*YOUR INSTRUCTIONS*. Your copy should repeat the data that follows exactly and contain no image.

*COLLECTED DATA*.
◆ ◆ ◆ ◆ ◆ ◆ ◆

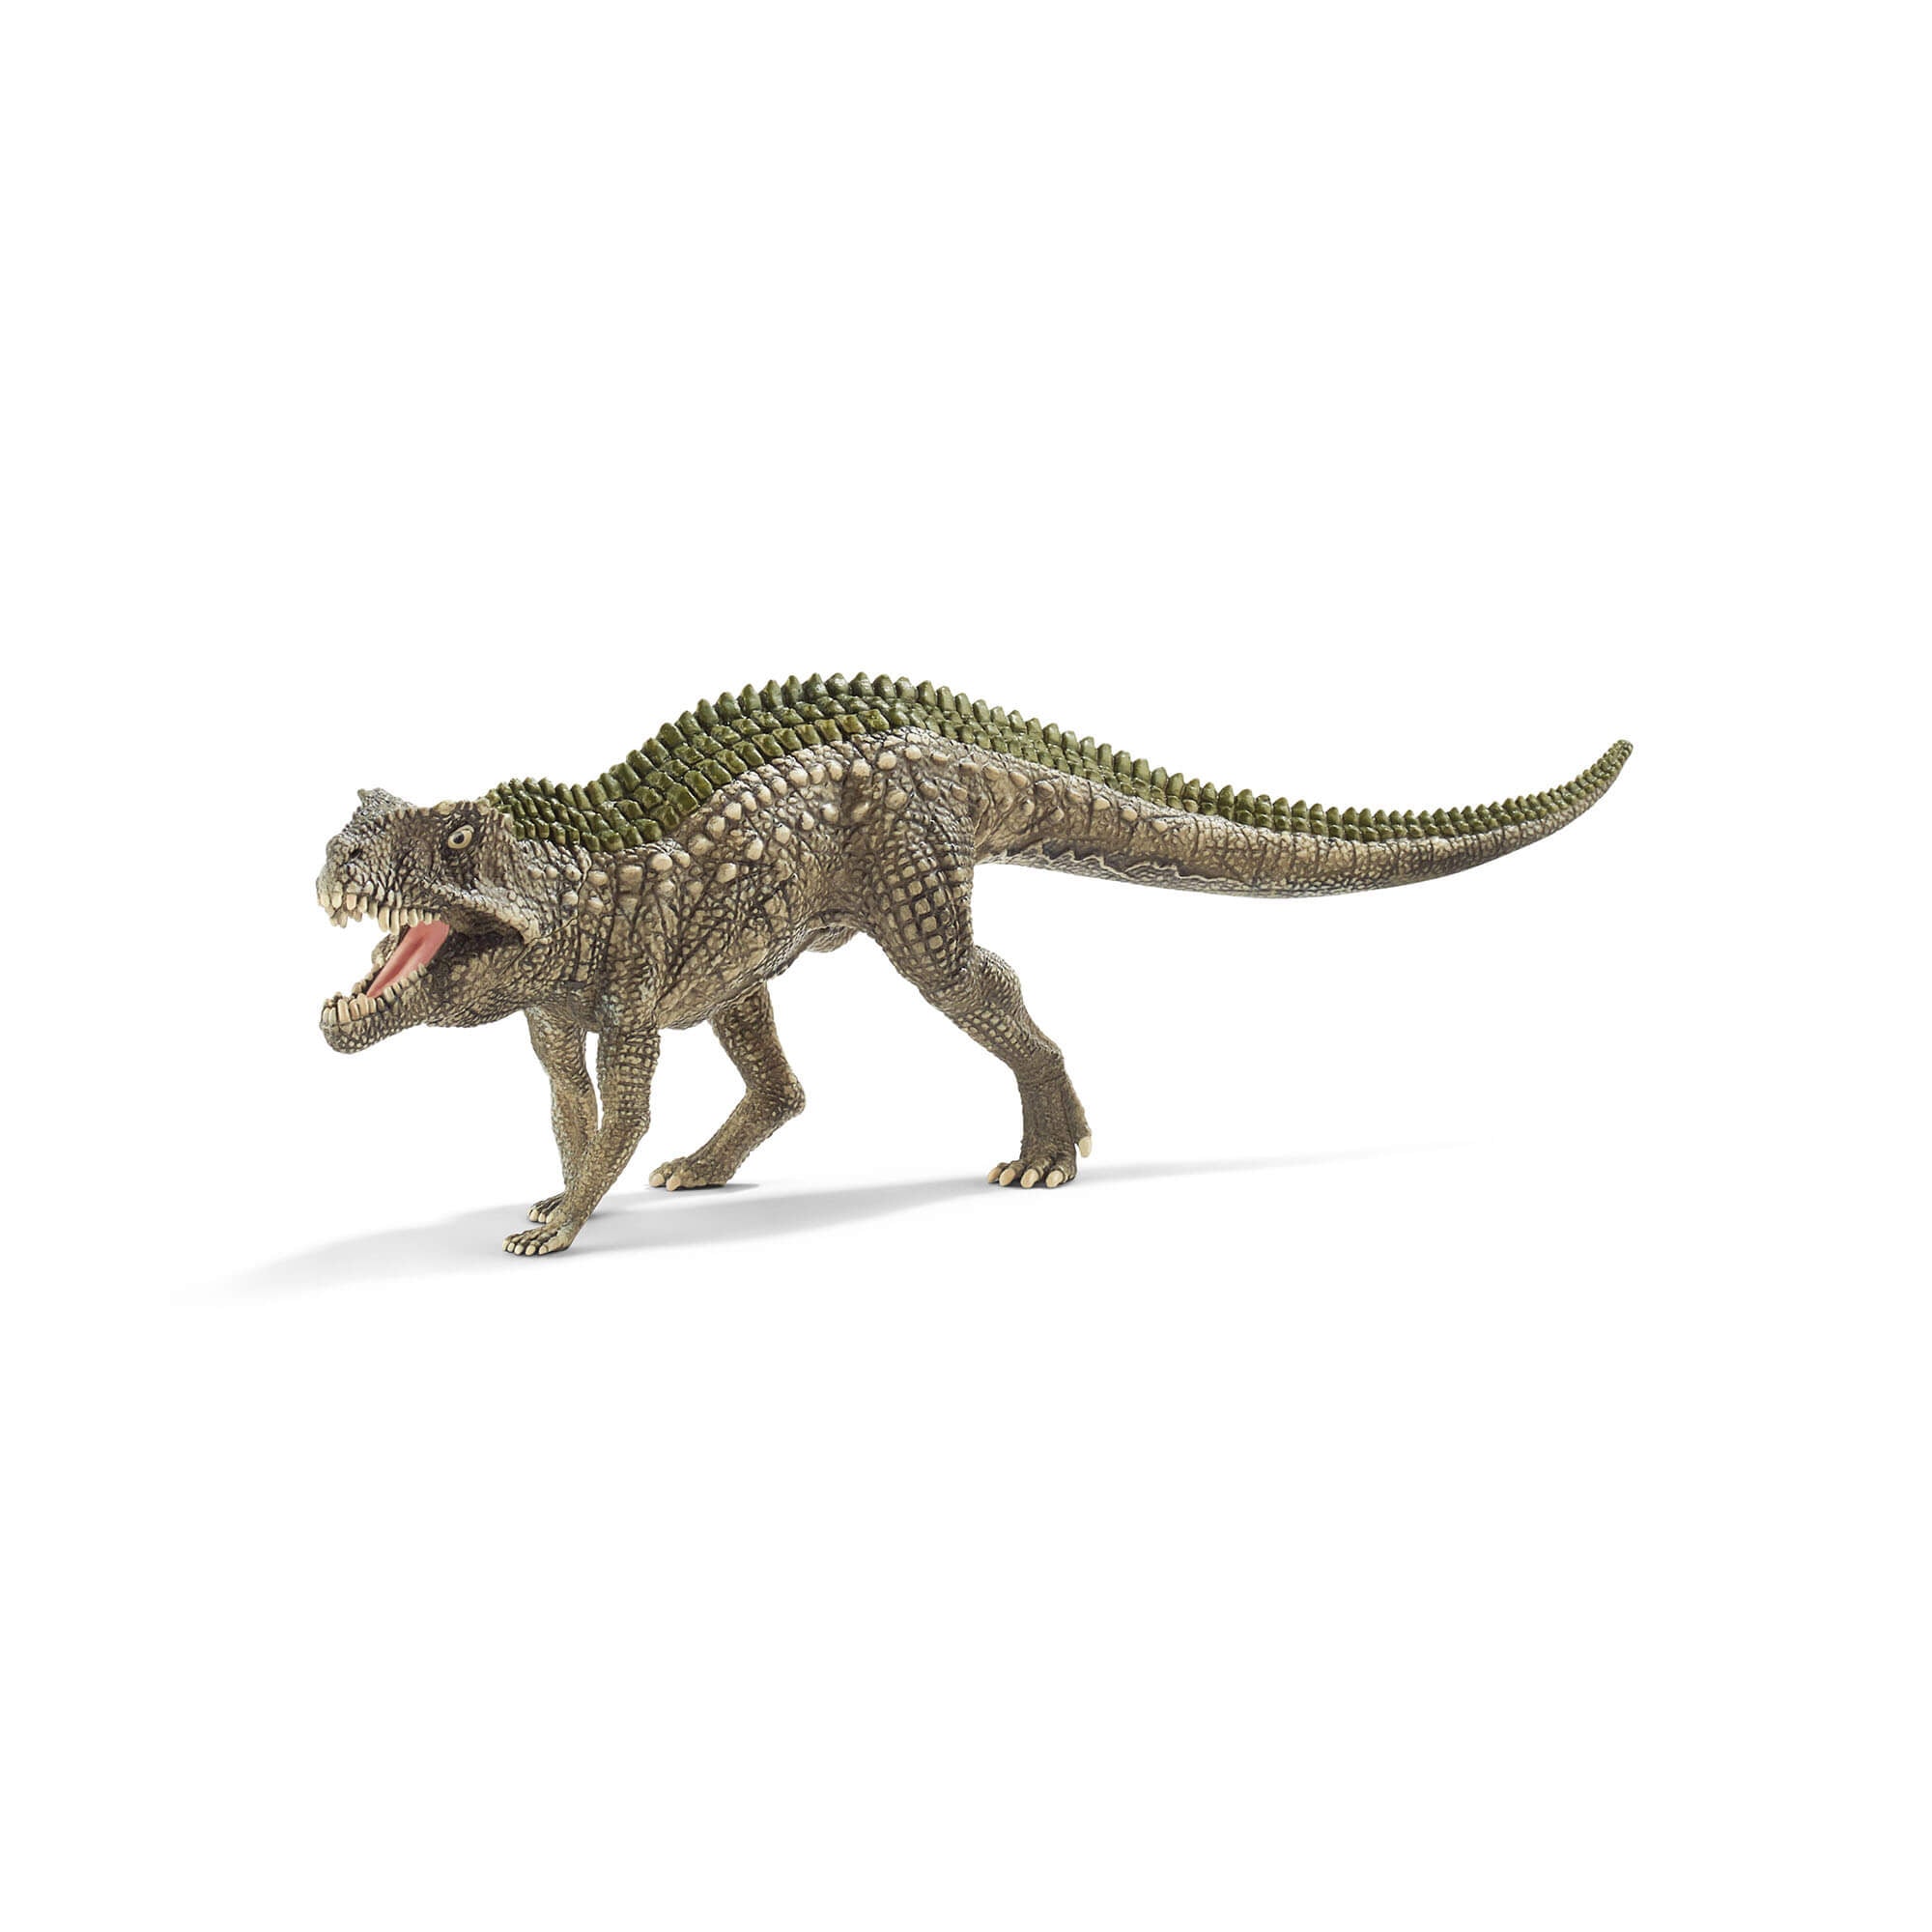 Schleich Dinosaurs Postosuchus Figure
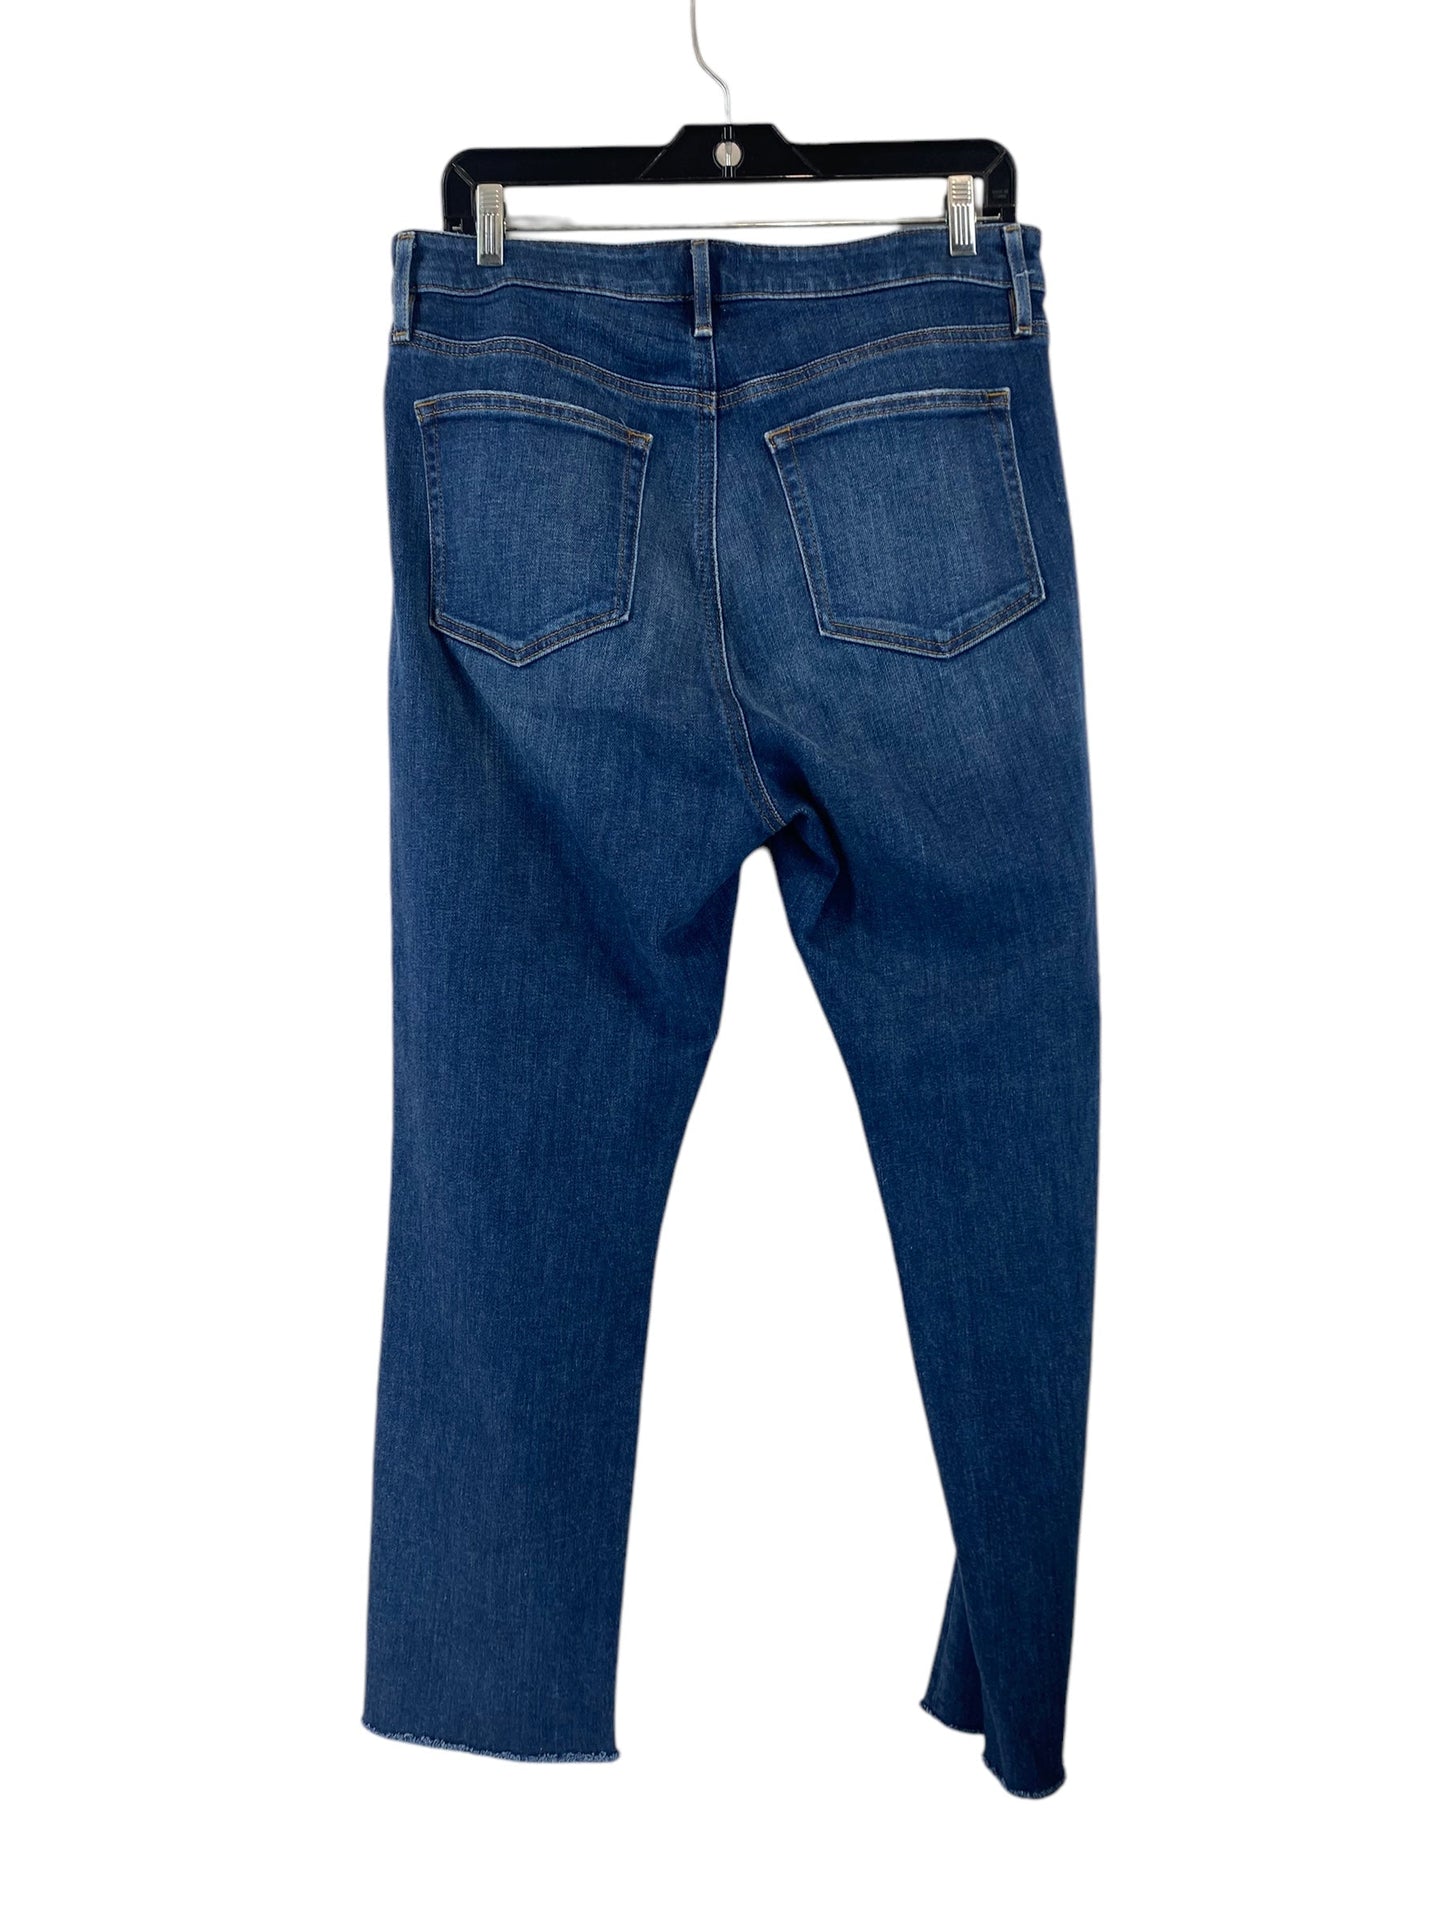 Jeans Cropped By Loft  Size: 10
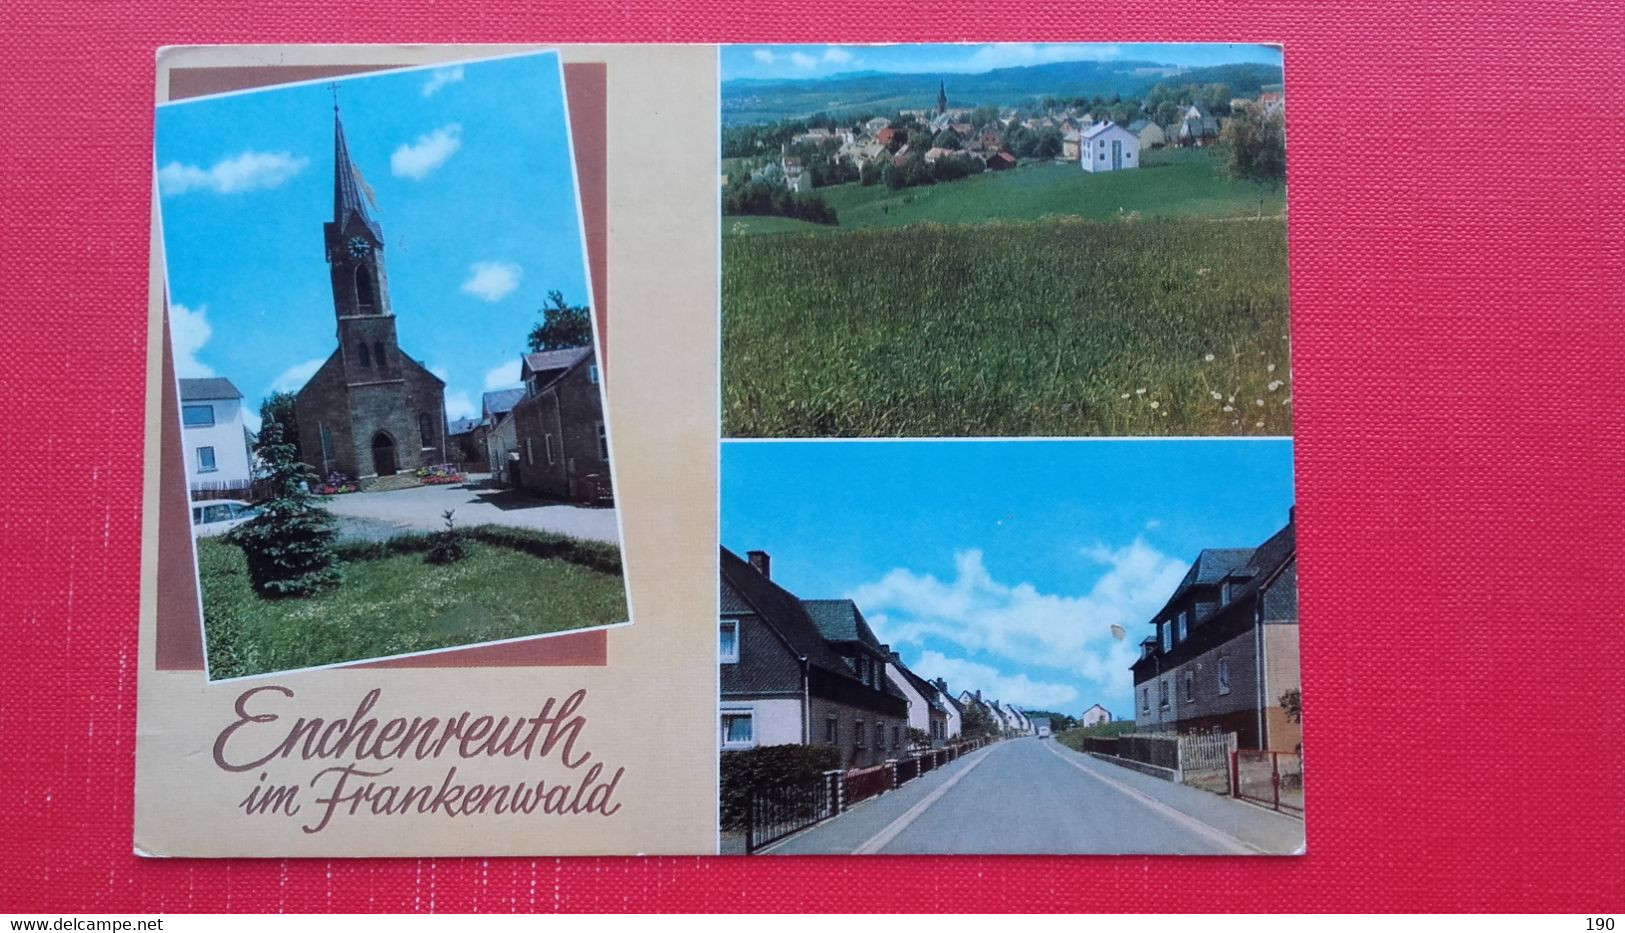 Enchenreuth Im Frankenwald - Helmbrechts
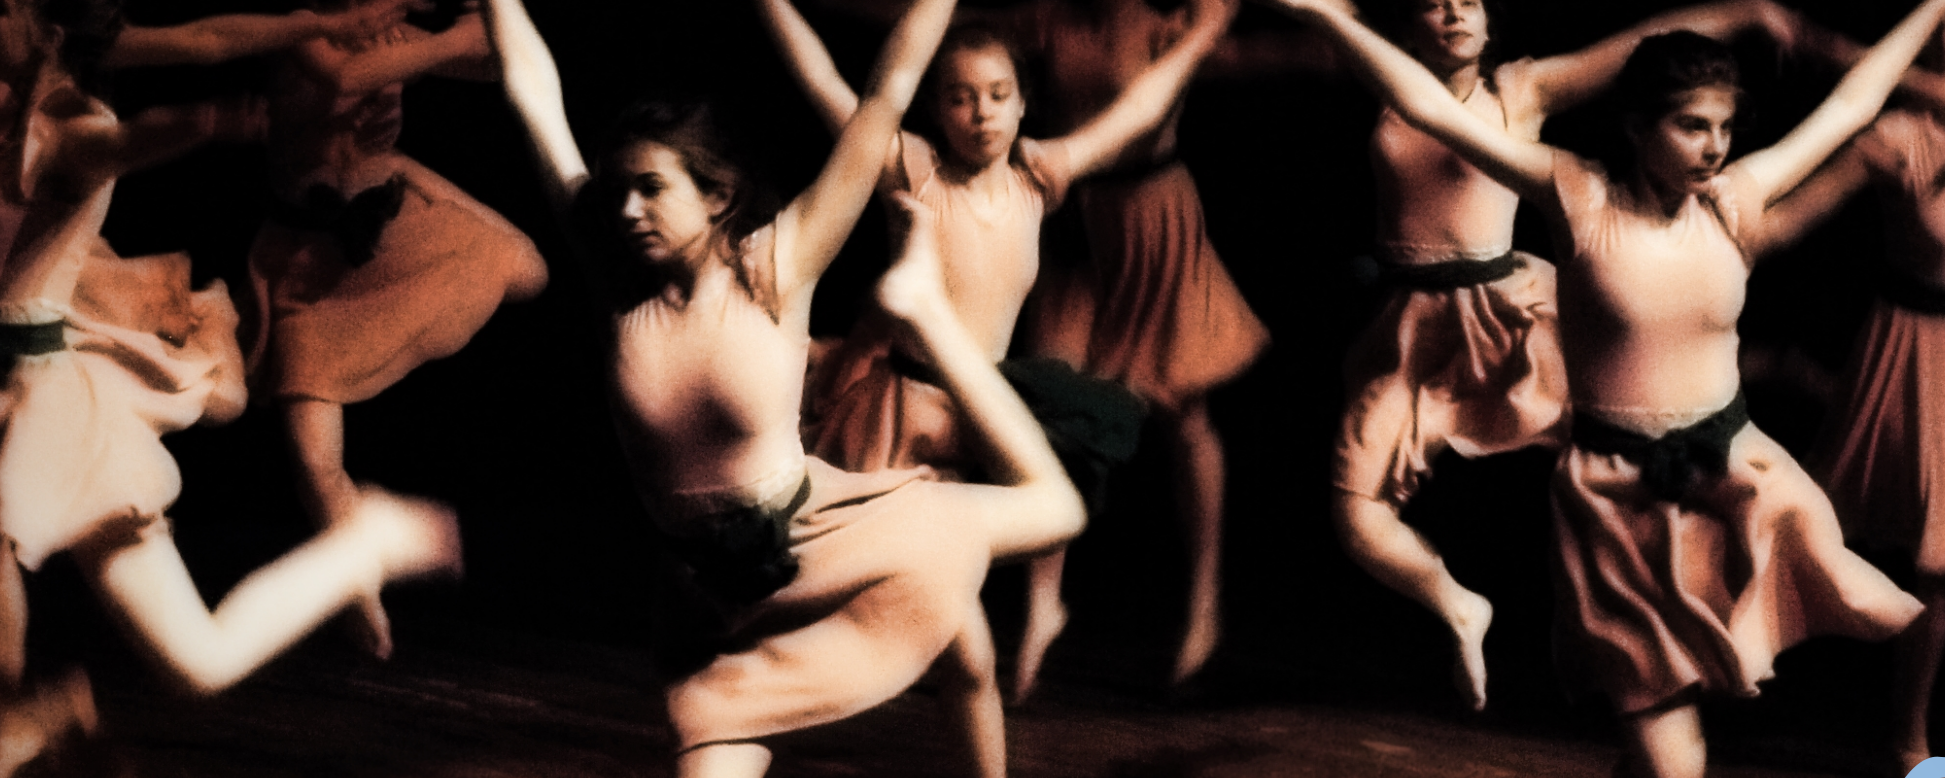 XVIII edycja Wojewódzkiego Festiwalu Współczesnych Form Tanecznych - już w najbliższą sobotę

◆ ◆ ◆ ◆ ◆ ◆ ◆

*RESPONSE FOR THIS EXERCISE*.
 Schleich Dinosaurs Postosuchus Figure
 Jeans Cropped By Loft  Size: 10
 Enchenreuth Im Frankenwald - Helmbrechts
 XVIII edycja Wojewódzkiego Festiwalu Współczesnych Form Tanecznych - już w najbliższą sobotę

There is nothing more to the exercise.